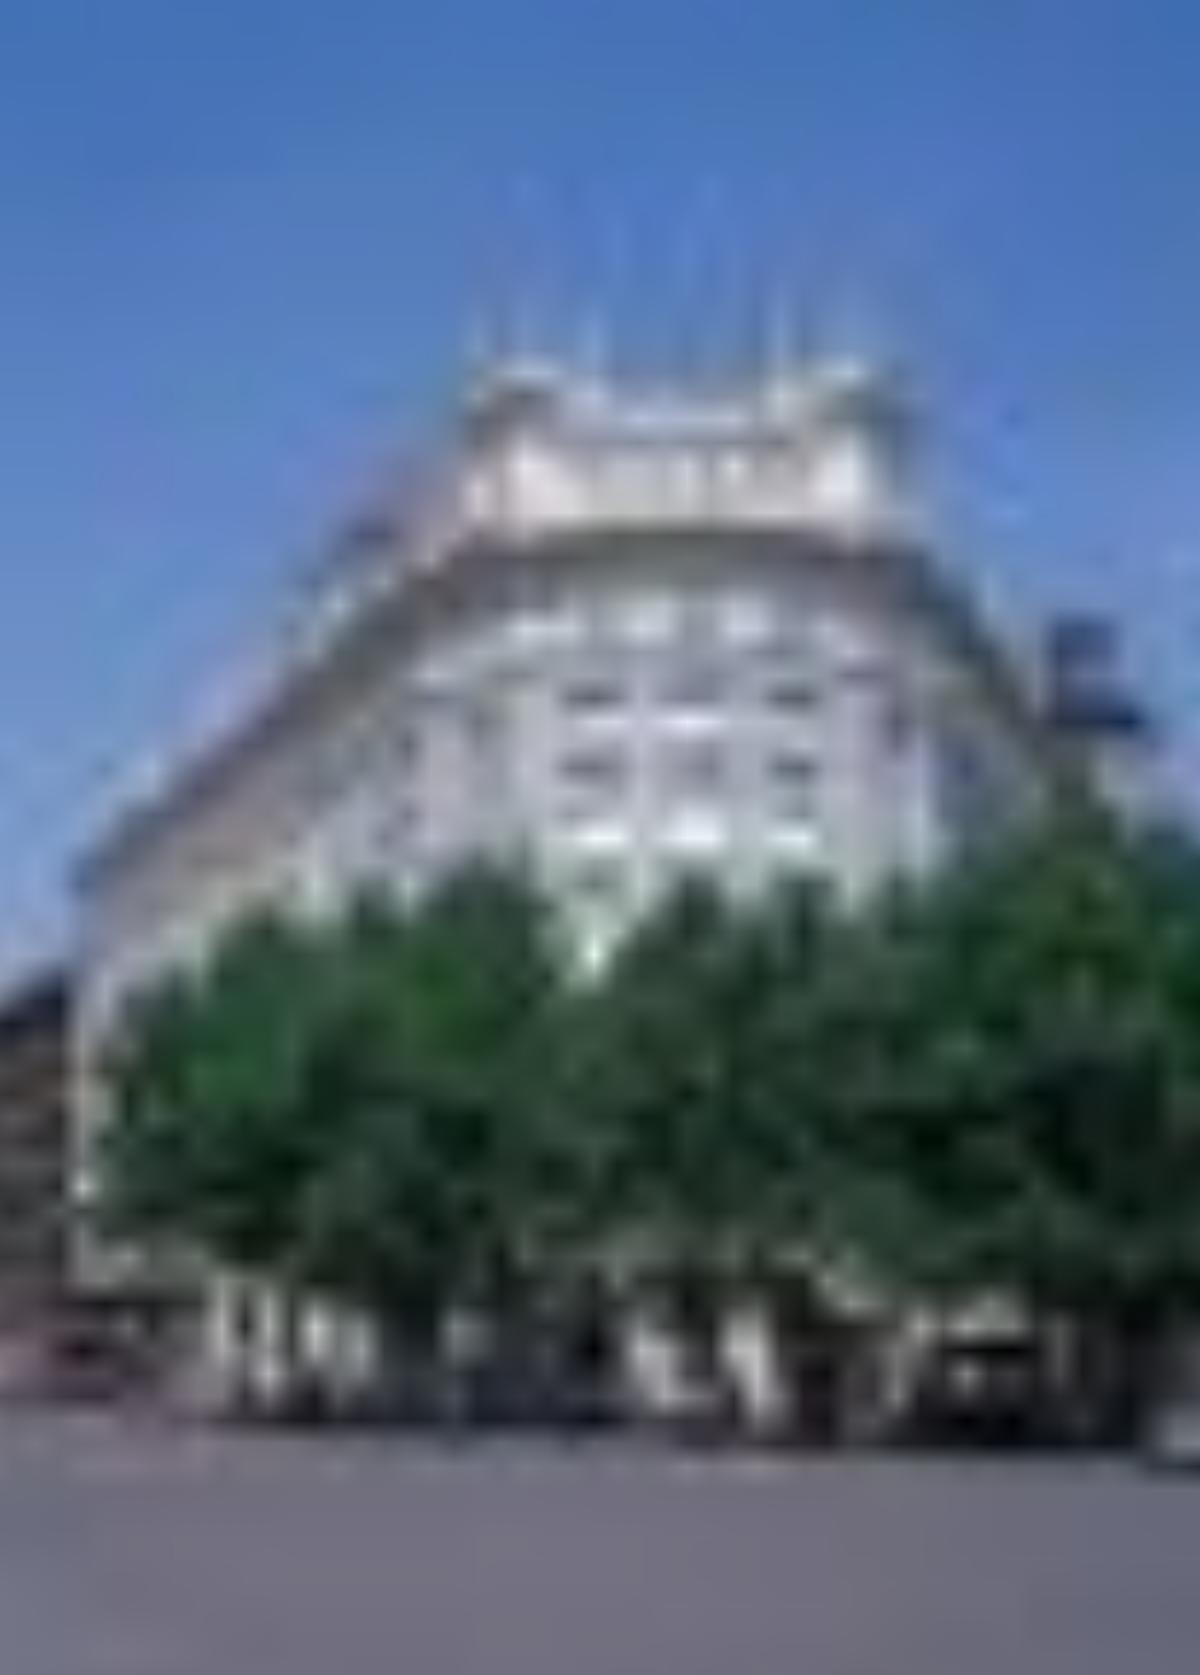 NH Madrid Nacional Hotel Madrid Spain
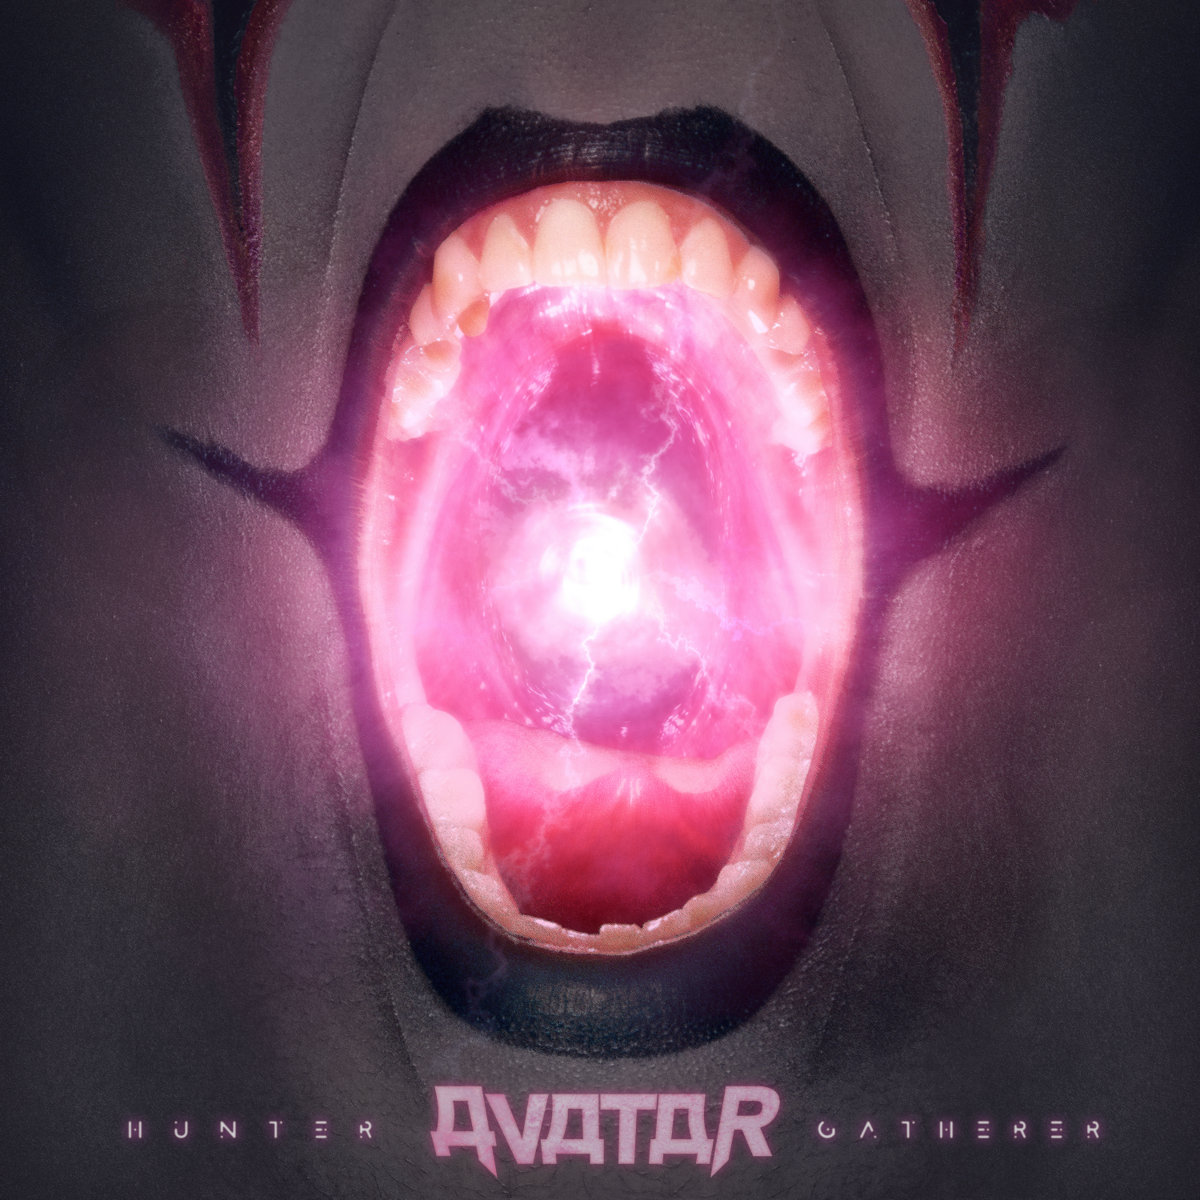 Avatar – Hunter Gatherer
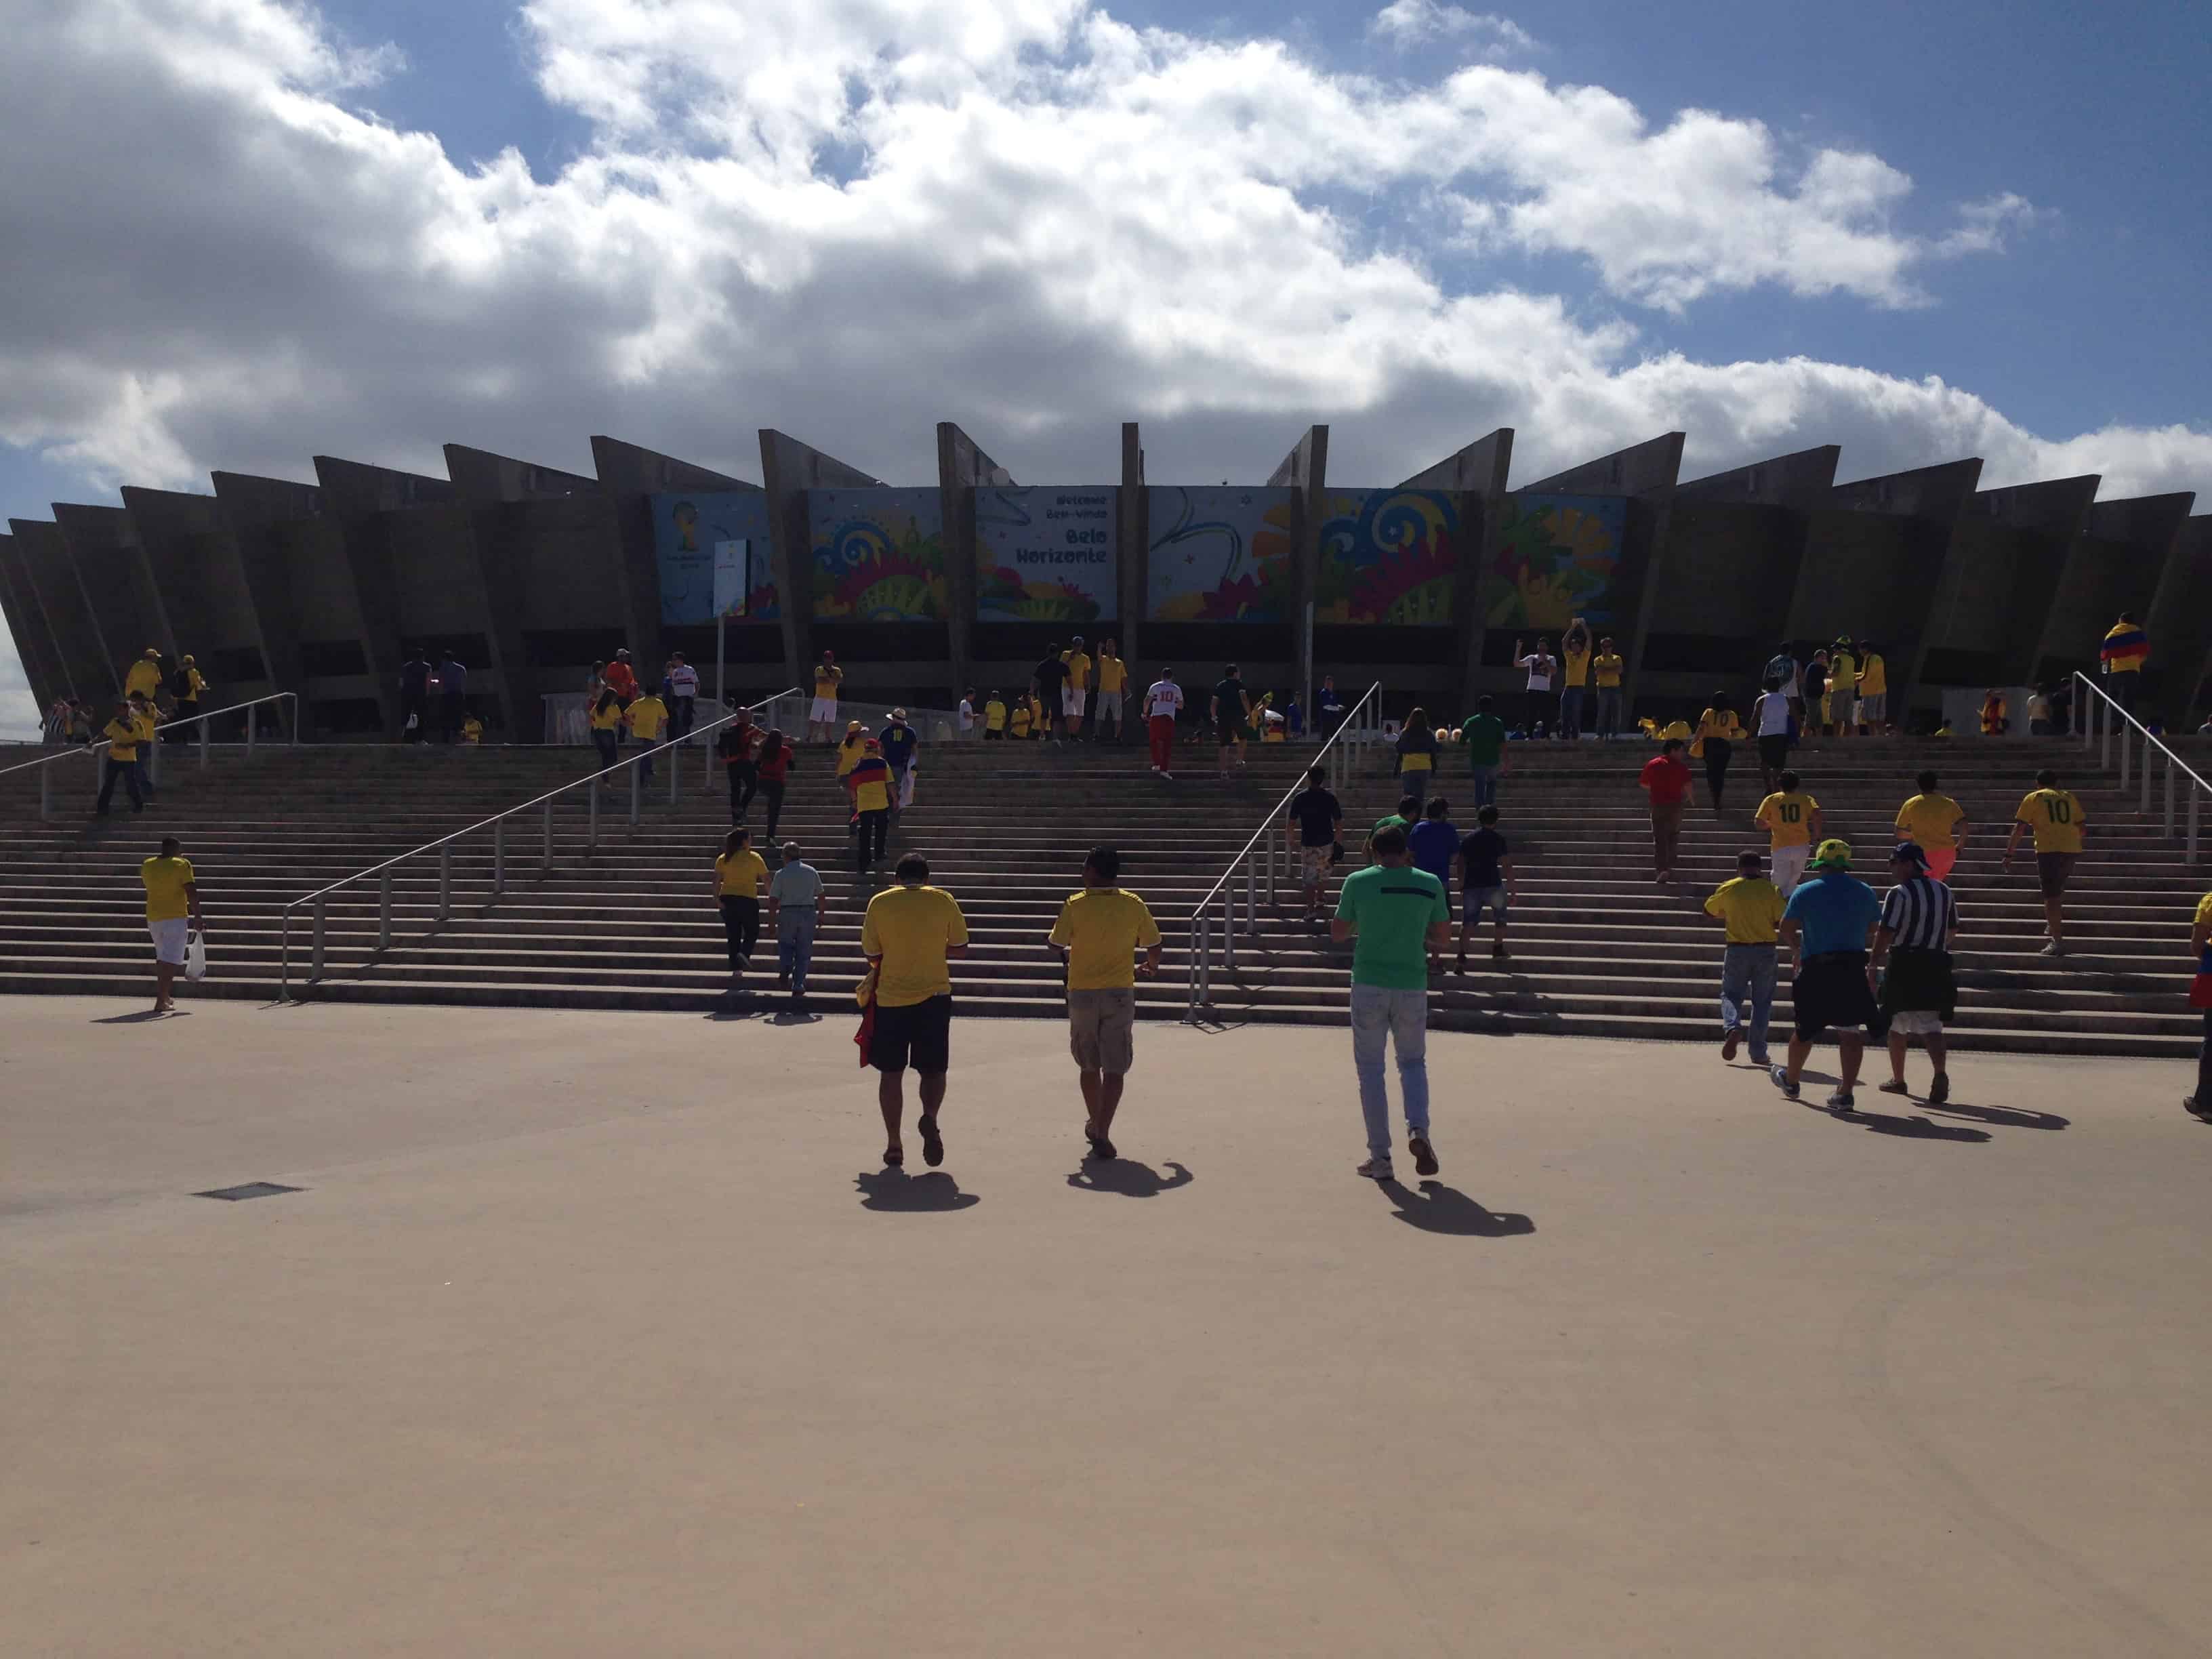 2014 World Cup at Estádio Mineirão in Belo Horizonte, Brazil

What you need to do |
Copy out every line of the data exactly, leaving the images behind.

Finished task |
 NH Madrid Nacional Hotel Madrid Spain
 Avatar – Hunter Gatherer
 2014 World Cup at Estádio Mineirão in Belo Horizonte, Brazil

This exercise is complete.